India’s external trade-to-GDP ratio is 45% (approximately) today; China’s trade-GDP ratio is 37%. Overall, India’s trade is much less than China’s because the Chinese economy is five times larger. India’s economy has grown 15 times since 1991, China’s 46 times. Per capita incomes matter more to citizens than GDP numbers. Per capita incomes in China have grown 38 times since 1991; in India, only eight times. Climbing up statistical rankings of GDP holds little meaning for the hundreds of millions of Indians, including farmers, workers, and small entrepreneurs, who want to earn higher incomes and live more dignified and secure lives. Moreover, if their incomes do not increase, overall consumption will not increase, and the Indian market will not be attractive for investors.

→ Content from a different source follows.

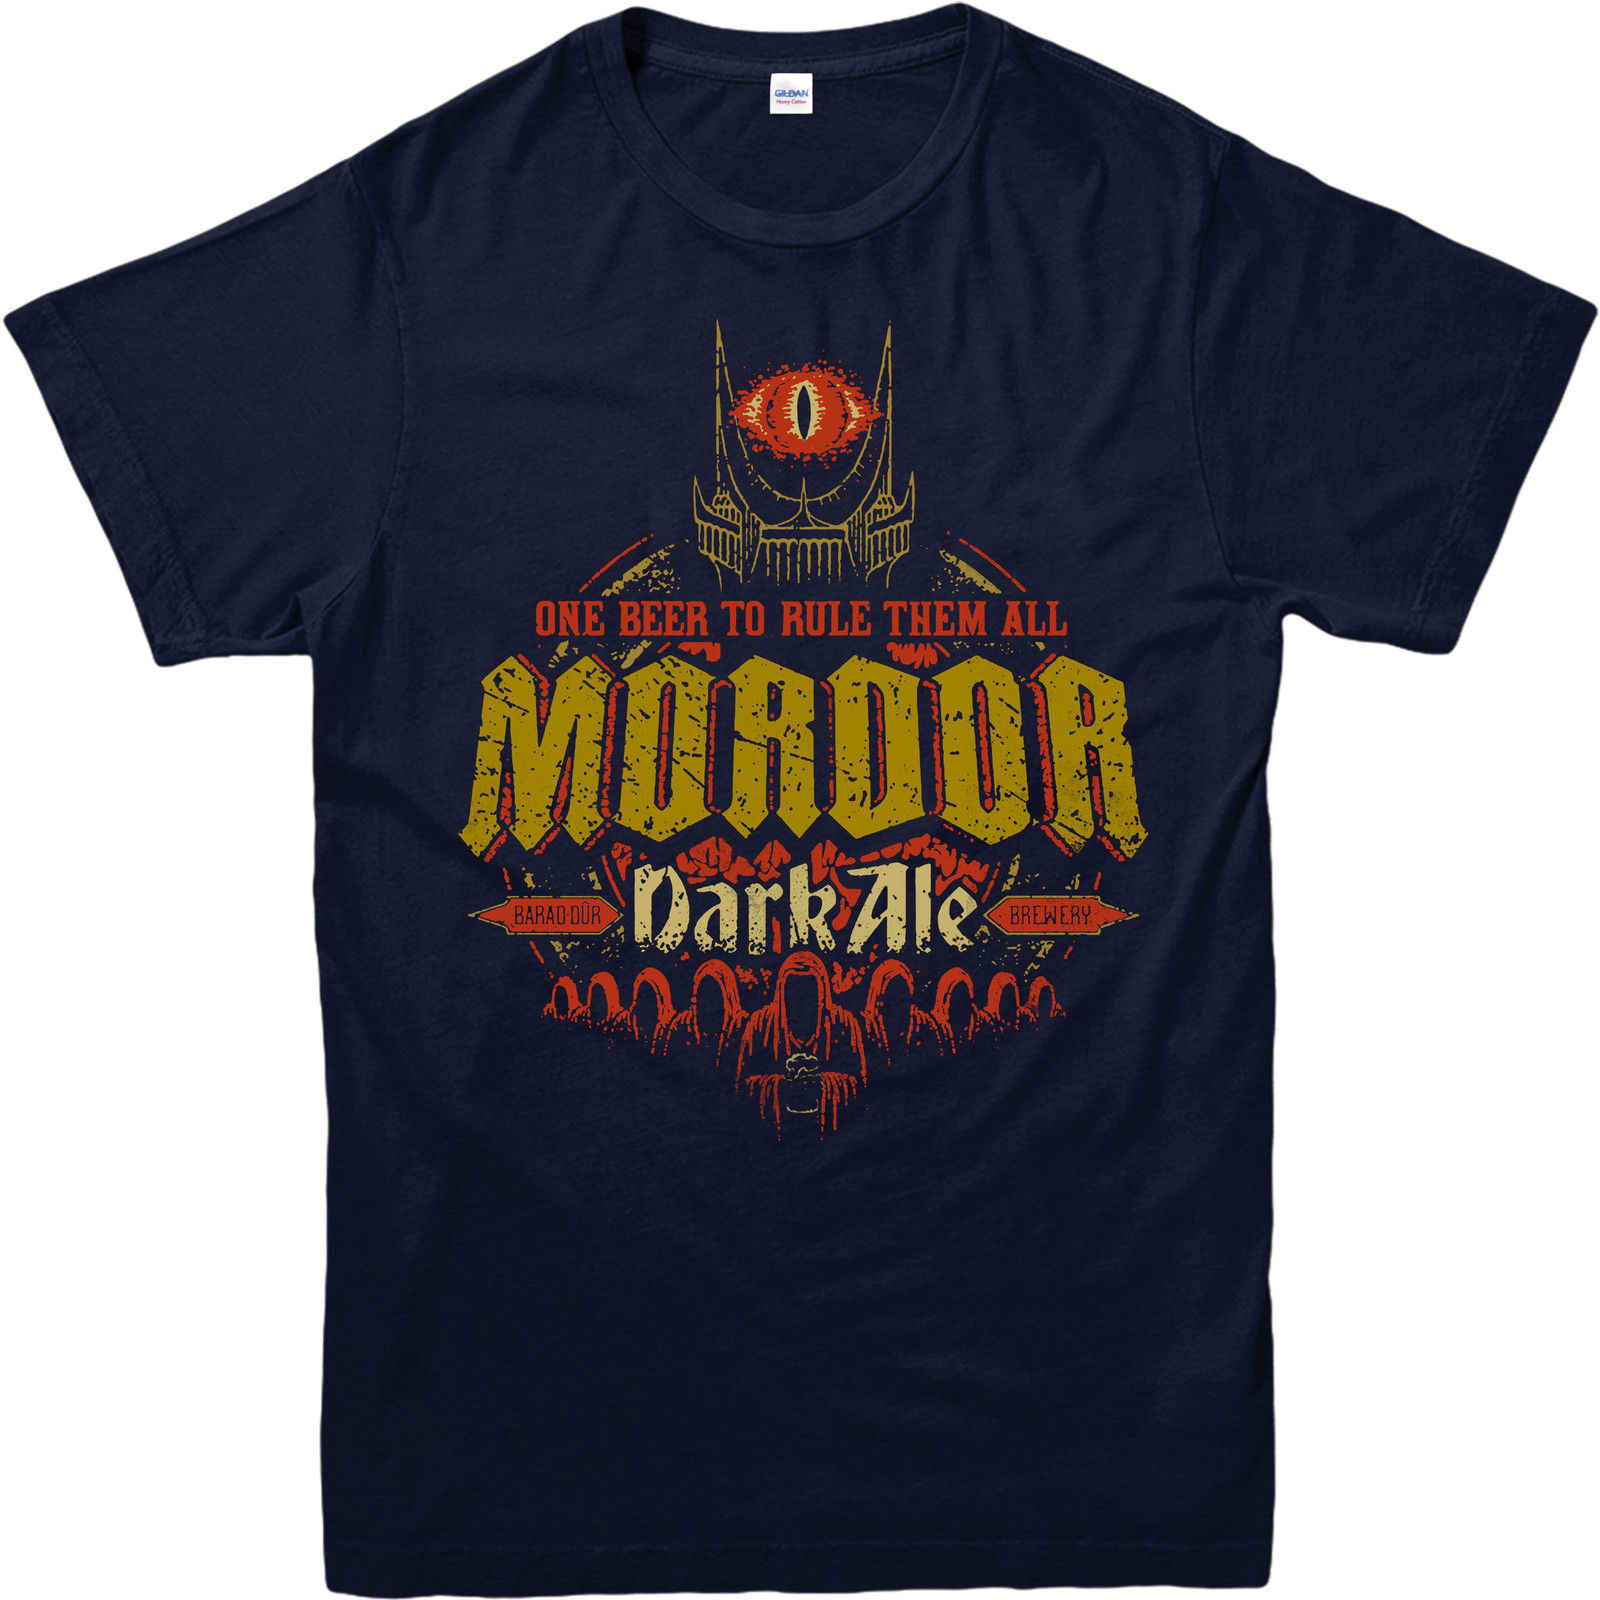 Футболка «Властелин Колец», Mordor Dark Ale SPOF, хлопковые мужские футболки для взрослых и детей, классические футболки, базовые модели

Movements of social and political unrest will continue to grow.

China’s domestic economy has become the engine of its growth. China followed an aggressive industrial strategy from the 1980s to build its own industrial capabilities. It took good advantage of the rising tide of international globalism. By the mid-2000s, international trade accounted for 60% of China’s GDP, most of which was the export of a wide range of manufactured goods. It has declined to 37% since then. Since 1991, India has become much more trade-integrated and much richer, but China scaled up far faster — in export intensity, manufacturing depth, total GDP, and income per person. China has achieved its objective of substantially increasing the incomes of its billion-plus citizens. And China is also able dictate terms to the US.

Many Indian economists, in and outside the government, admit the Indian economy must be reformed boldly. Most of them, whether supporters or opponents of the present government, say India has not implemented the 1991 reform agenda boldly enough. They want more trade; less industrial policy (the latter is “a return to protectionism”, they say); more freedom for foreign capital without conditions; and joining global supply chains more vigorously (even though global supply chains are collapsing). Some have suggested that India can skip the hard work of building domestic industry and grow on the back of a service-led economy.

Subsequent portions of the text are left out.